Meaning vectors had some regularity. The first 4
bits of the vector were taken from a set of 10 arbitrary
bit patterns (intended to correspond to pronoun referents such as “you” or “me”). The last 6 bits of the vector were taken from one of 10 arbitrary bit patterns
intended to represent predicates such as “happy” or
“sad.” Batali found that agents initially developed a
repertoire of token sequences that were different from
each other, although error was still high and sequences
were quite long. These differences were mainly
attributable to the random weights with which each
agent began. After the repertoire was distinguishable, error dropped and the average sequence length
for each meaning fell from 20 to 4. The resulting
token sequences exhibited some systematicity consistent with the structure found in the meaning vectors. Most of the predicates were represented by a
common token sequence “root” (e.g., cd for “happy”

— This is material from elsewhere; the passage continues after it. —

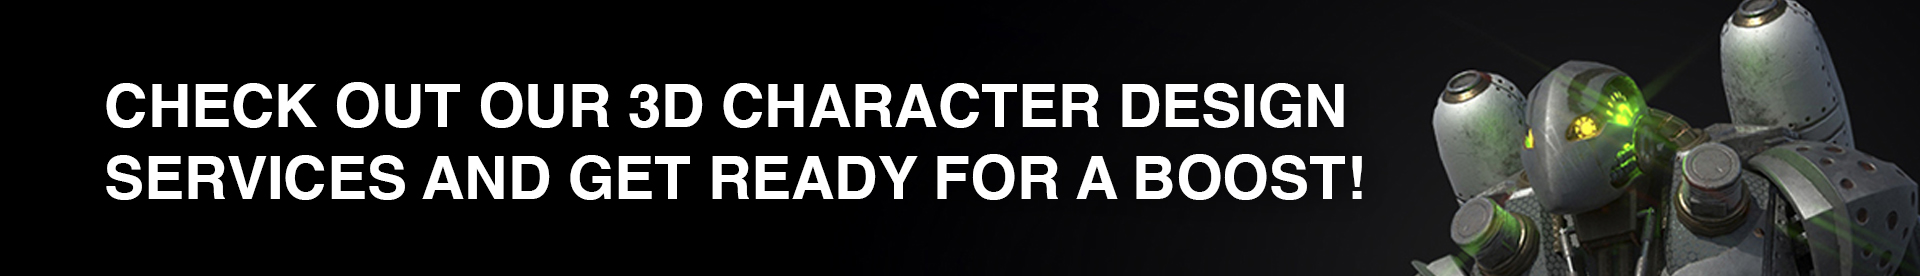 servicios de diseño de personajes 3d

and b for “sad”) and the pronouns were often represented by a common suffix (e.g., ab for “you, singular”). Thus, an utterance representing “you-singular
happy” would look like cdab and “you-singular sad”
would look like bab. Agents also generalized their signaling system to new meanings fairly well. Kvasnicka
and Pospichal (1999) extended this work by adding
genetic and memetic components to agents (Kvasnicka
& Pospichal, 1999). Agent genomes specified hiddenlayer size and connectivity, and each child inherited
some of the mappings that its parents had created (the
memetic contribution), which is similar to having parents teach their children before sending them out into
the world. The populations showed similar results to
Batali’s as well as demonstrating the Baldwin effect
(learning affects the genome, for example, Baldwin,
1996) when memetic components were added.
In a second example, Steels (1998b) studied a
variety of agents in experimental conditions similar to
Batali’s but used a different approach to learning.
Agents played various “language games” with each
other, usually involving the description of an object to
another agent. Agents were located in a room, where
they could “see” but not affect a set of objects. The
objects could be perceived by low-level sensors and
each agent first learned to build feature detectors for
distinctive sensor readings. For example, if there were
five objects in a room, and one object could be distinguished by its red color and its spherical shape, then
an agent might develop a feature detector for red
colors, spherical shapes, or perhaps both features.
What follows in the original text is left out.